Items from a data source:

━━━━━━━━━━━━━━━━━━━━━━━━━━━━━━

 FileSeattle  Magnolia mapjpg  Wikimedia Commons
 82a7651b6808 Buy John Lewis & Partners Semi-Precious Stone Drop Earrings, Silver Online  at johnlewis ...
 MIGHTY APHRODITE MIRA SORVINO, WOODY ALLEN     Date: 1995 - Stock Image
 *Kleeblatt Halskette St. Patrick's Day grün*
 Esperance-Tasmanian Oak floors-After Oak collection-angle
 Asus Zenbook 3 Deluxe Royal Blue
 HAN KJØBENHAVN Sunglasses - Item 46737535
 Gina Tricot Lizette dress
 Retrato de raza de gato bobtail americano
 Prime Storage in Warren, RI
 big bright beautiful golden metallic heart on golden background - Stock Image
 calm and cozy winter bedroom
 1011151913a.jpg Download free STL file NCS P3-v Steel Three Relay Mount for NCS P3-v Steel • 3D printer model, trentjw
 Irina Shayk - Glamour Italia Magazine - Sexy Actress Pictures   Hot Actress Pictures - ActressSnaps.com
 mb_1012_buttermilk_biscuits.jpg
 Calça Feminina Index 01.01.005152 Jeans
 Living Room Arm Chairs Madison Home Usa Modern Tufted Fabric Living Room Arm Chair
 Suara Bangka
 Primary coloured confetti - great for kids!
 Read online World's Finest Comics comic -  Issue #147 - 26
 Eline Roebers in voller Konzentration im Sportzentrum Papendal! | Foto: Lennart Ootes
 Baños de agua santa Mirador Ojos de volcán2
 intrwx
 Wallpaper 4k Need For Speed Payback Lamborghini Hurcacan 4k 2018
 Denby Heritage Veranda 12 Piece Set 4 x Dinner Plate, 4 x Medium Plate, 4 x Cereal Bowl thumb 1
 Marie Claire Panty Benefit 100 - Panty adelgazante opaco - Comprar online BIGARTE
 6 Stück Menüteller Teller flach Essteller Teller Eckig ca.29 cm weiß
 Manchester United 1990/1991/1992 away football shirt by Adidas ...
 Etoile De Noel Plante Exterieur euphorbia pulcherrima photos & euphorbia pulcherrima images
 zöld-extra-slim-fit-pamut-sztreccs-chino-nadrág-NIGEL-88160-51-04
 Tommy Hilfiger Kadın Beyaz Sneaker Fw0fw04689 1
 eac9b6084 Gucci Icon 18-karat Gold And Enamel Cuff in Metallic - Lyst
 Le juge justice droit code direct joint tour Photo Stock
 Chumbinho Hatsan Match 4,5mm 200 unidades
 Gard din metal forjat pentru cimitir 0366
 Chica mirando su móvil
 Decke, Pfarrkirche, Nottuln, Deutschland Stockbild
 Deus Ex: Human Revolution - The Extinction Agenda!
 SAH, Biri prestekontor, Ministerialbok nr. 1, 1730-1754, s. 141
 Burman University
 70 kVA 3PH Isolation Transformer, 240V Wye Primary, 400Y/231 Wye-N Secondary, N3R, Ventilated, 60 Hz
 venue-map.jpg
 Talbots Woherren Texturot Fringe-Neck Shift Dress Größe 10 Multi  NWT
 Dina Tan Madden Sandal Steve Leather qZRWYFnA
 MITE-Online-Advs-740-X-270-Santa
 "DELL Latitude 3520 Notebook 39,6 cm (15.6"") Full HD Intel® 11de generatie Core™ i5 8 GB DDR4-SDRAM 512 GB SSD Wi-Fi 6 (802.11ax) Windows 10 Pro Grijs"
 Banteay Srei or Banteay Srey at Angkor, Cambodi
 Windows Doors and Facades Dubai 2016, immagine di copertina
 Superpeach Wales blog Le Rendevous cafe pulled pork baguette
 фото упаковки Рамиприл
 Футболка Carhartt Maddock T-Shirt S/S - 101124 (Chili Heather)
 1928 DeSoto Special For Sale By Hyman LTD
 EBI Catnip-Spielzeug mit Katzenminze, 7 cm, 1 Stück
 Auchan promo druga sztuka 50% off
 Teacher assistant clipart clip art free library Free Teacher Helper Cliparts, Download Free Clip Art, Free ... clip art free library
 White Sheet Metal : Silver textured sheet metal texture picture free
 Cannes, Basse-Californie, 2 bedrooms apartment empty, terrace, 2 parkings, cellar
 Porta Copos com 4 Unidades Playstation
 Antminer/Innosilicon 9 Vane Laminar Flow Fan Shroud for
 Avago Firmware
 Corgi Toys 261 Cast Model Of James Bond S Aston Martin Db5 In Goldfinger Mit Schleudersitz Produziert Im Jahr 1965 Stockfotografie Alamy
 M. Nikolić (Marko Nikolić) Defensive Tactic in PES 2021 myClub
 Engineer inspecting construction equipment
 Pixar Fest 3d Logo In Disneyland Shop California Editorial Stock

━━━━━━━━━━━━━━━━━━━━━━━━━━━━━━

Problem to solve :: Copy only the stretch running from the line containing "1928 DeSoto Special For Sale By Hyman LTD" to the final line of the entries, both ends included, exactly as it stands.

Solution to this exercise ::
 1928 DeSoto Special For Sale By Hyman LTD
 EBI Catnip-Spielzeug mit Katzenminze, 7 cm, 1 Stück
 Auchan promo druga sztuka 50% off
 Teacher assistant clipart clip art free library Free Teacher Helper Cliparts, Download Free Clip Art, Free ... clip art free library
 White Sheet Metal : Silver textured sheet metal texture picture free
 Cannes, Basse-Californie, 2 bedrooms apartment empty, terrace, 2 parkings, cellar
 Porta Copos com 4 Unidades Playstation
 Antminer/Innosilicon 9 Vane Laminar Flow Fan Shroud for
 Avago Firmware
 Corgi Toys 261 Cast Model Of James Bond S Aston Martin Db5 In Goldfinger Mit Schleudersitz Produziert Im Jahr 1965 Stockfotografie Alamy
 M. Nikolić (Marko Nikolić) Defensive Tactic in PES 2021 myClub
 Engineer inspecting construction equipment
 Pixar Fest 3d Logo In Disneyland Shop California Editorial Stock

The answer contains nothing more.